Category	Example	Advantage	Limitation
Simplified YOLO versions	Fine-tuned YOLOv5 [98], Improved YOLOv11 [92]	High speed, low parameters	Reduced small-target accuracy
Model compression/quantization	Quantized Tiny-YOLOv3 [88], GhostConv YOLOv5 [89]	Very low resource usage	Accuracy loss if over-compressed
Multi-task lightweight models	PrFu-YOLO [99], MultEYE [108]	High resource utilization, one model for multiple tasks	Task interference possible

8. Conclusion and Future Directions

In this review, we have systematically presented the state-of-the-art in deep learning-based vehicle detection for drone aerial images, with a special emphasis on contributions from China drone research. Despite significant progress, several challenges remain: detection of extremely small vehicles under severe occlusion, robust performance in adverse weather, and efficient deployment on edge devices. Future research will likely focus on:

(1) Adaptive lightweight architecture search: Automatically designing networks tailored to specific drone hardware using NAS, while maintaining accuracy.

(2) Enhanced small object detection and multi-scale handling: Incorporating dynamic feature refinement and transformer-based global context.

(3) Robustness to complex environments: Leveraging multi-modal fusion (RGB, IR, LiDAR) and domain adaptation techniques.

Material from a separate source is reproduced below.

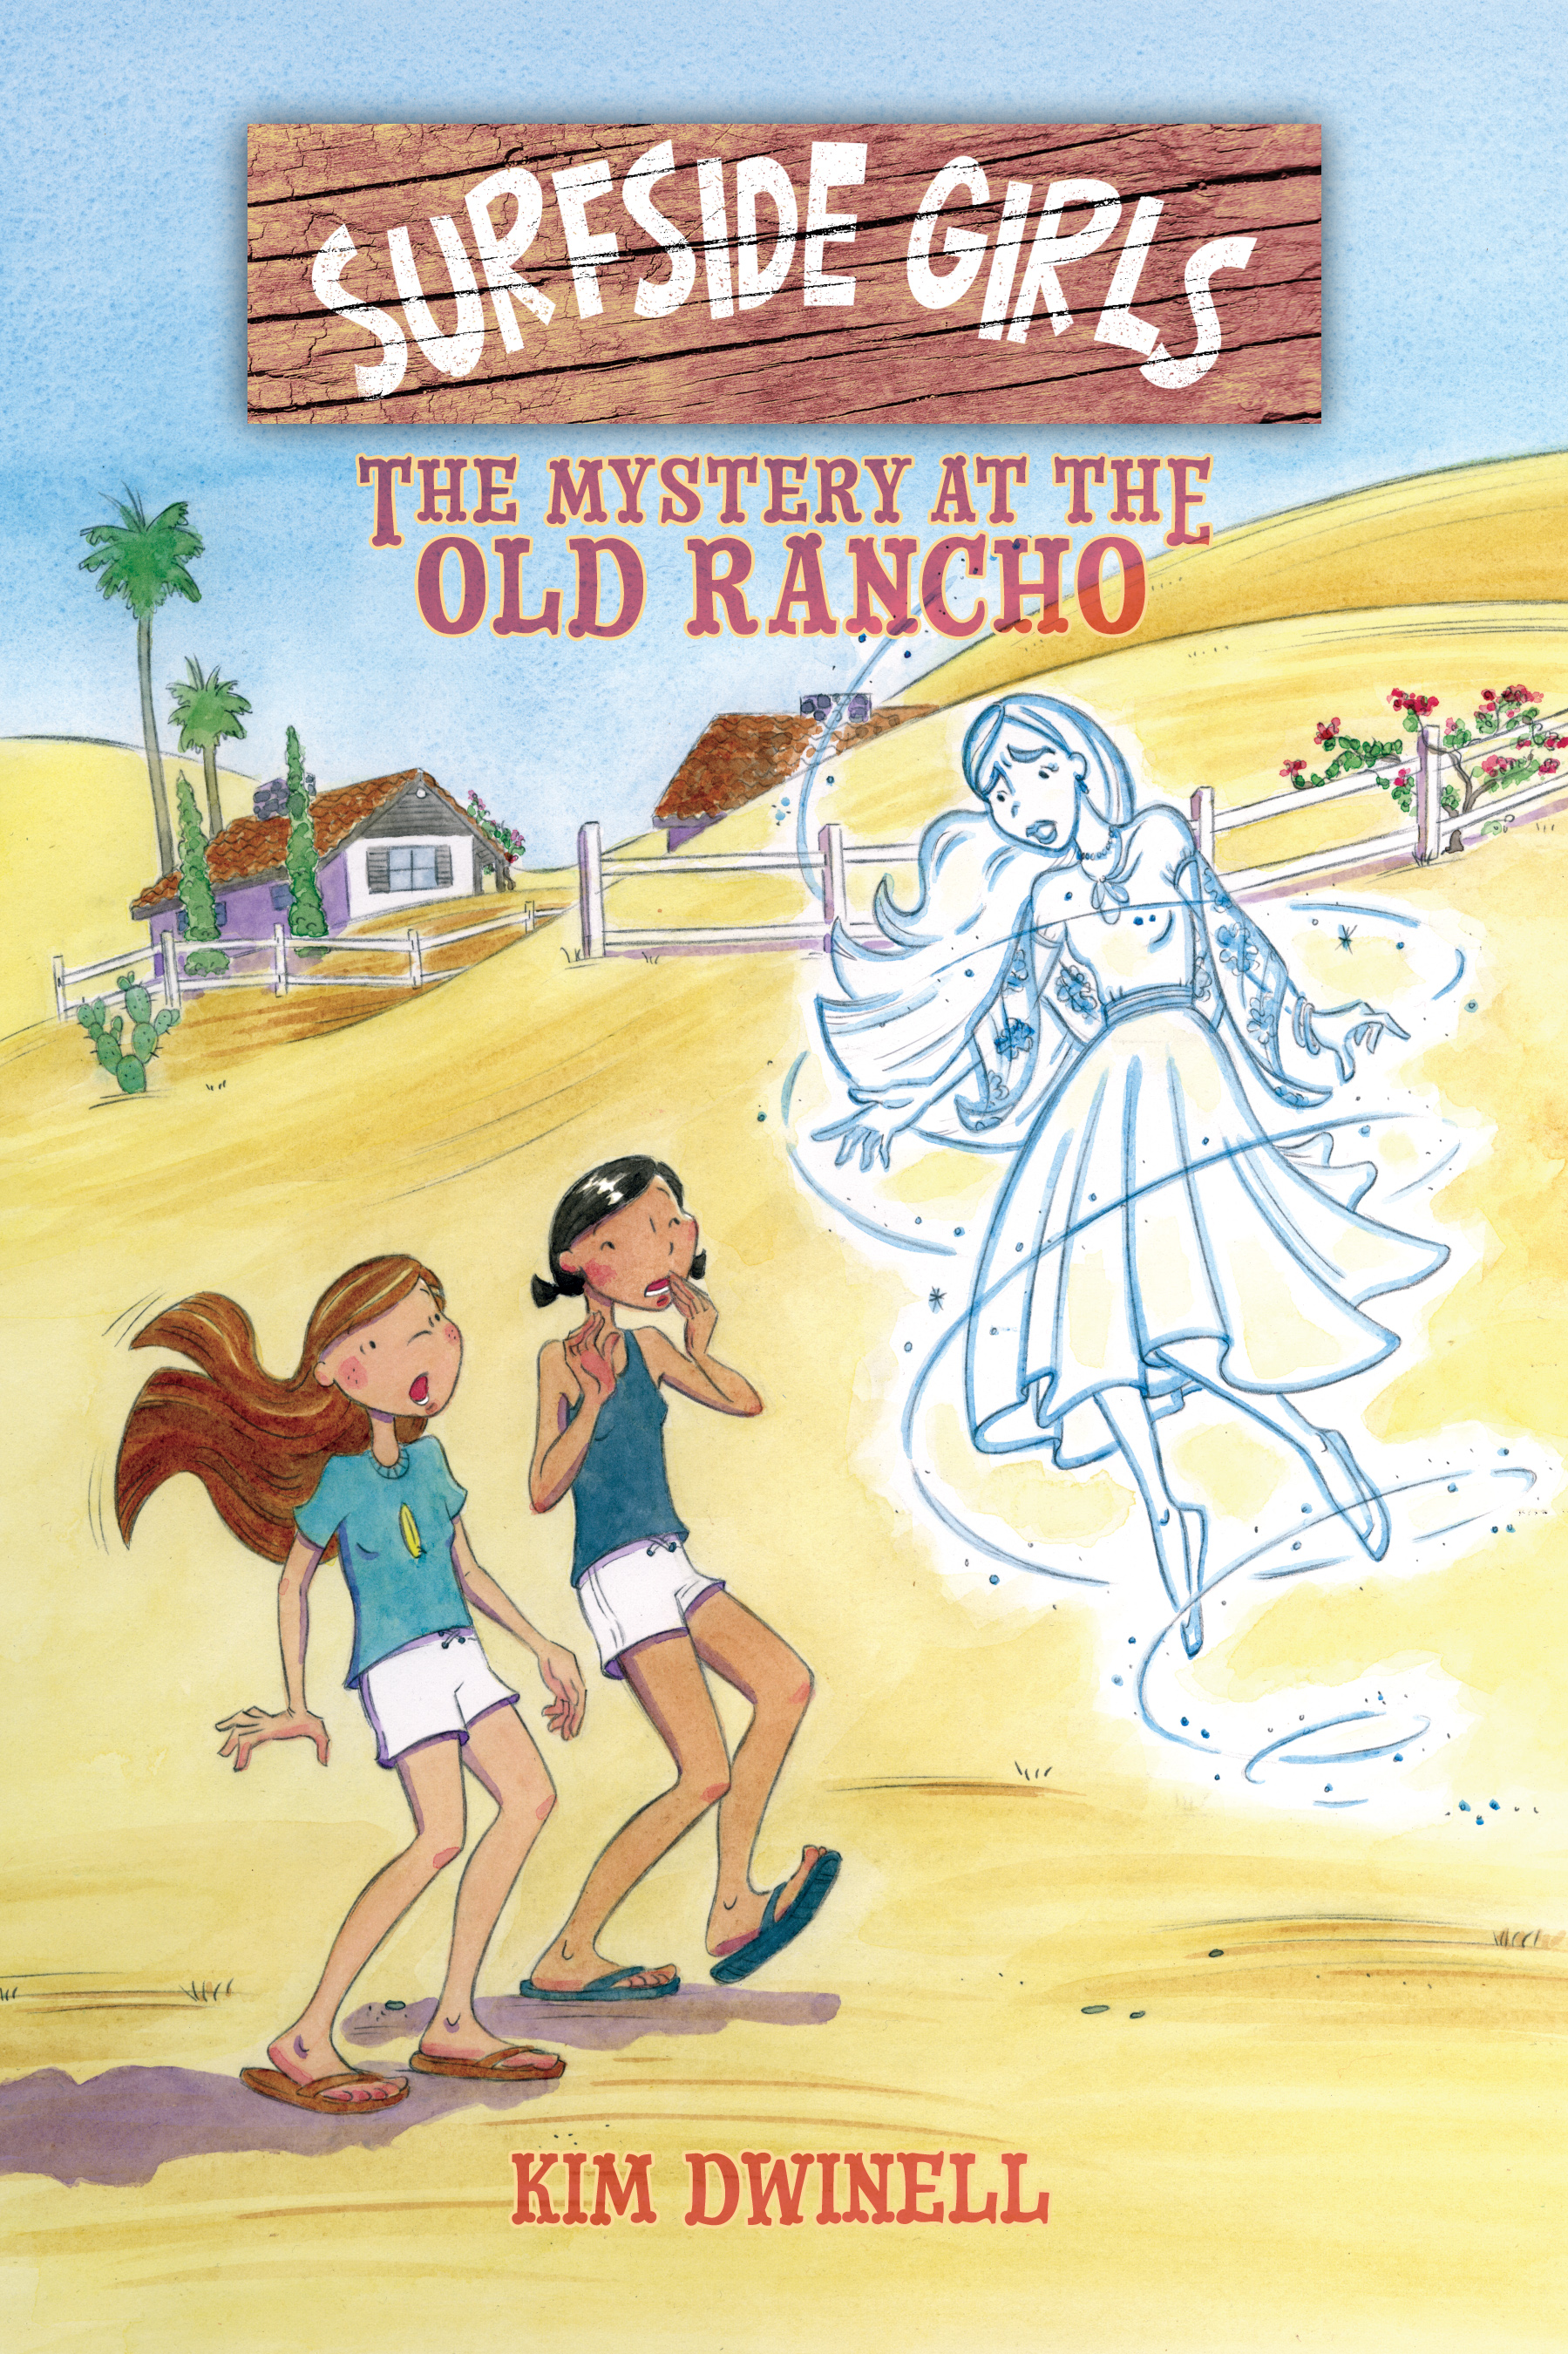 Read online Surfside Girls: The Mystery At the Old Rancho comic -  Issue # TPB (Part 1) - 1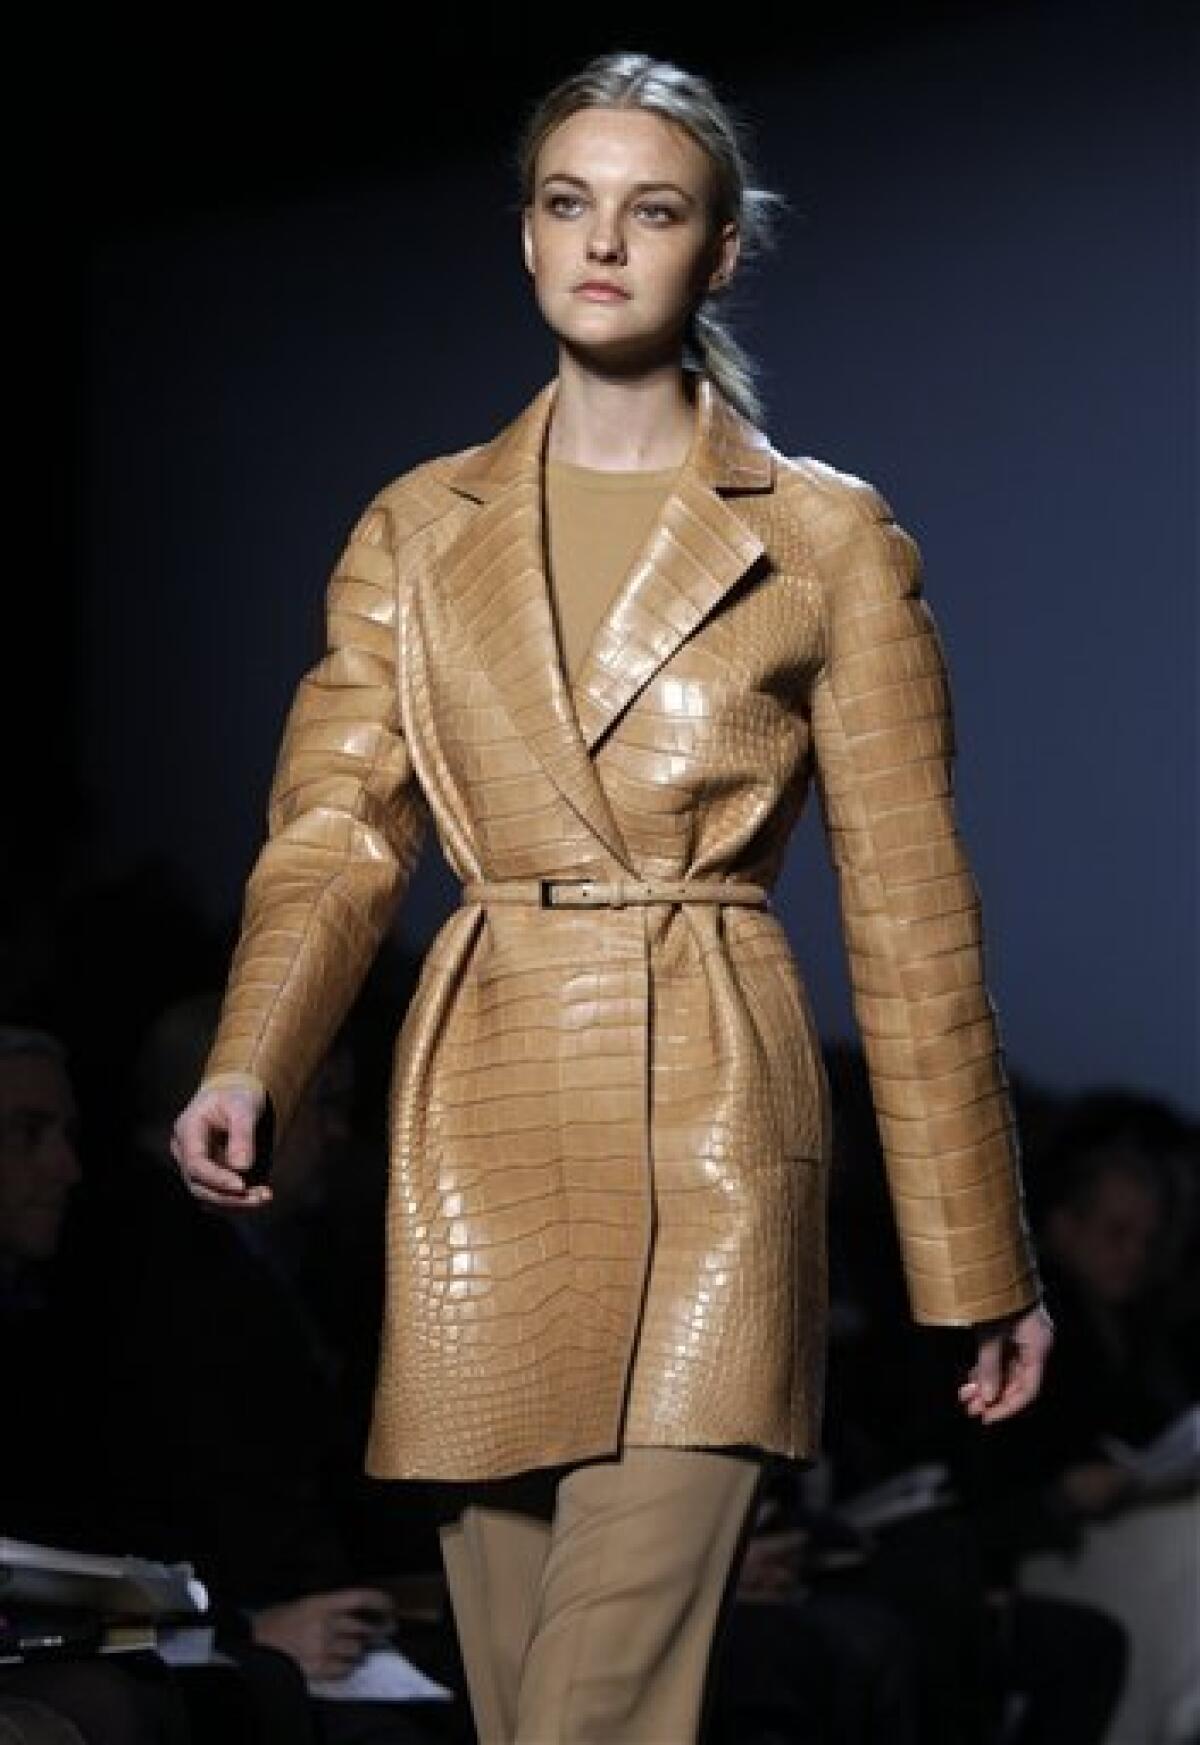 The fall 2011 collection of designer Michael Kors is modeled during Fashion Week in New York, Wednesday, Feb. 16, 2011. (AP Photo/Richard Drew)

(4) Cross-domain generalization and data efficiency: Using self-supervised learning, synthetic data, and federated learning to reduce annotation burden.

(5) Multi-task and multi-modal integration: Unified frameworks for detection, tracking, and traffic parameter estimation, running in real time on China drone platforms.

We believe that the continuous innovation in both algorithms and hardware will enable China drone technology to play an even more significant role in intelligent transportation and public safety worldwide.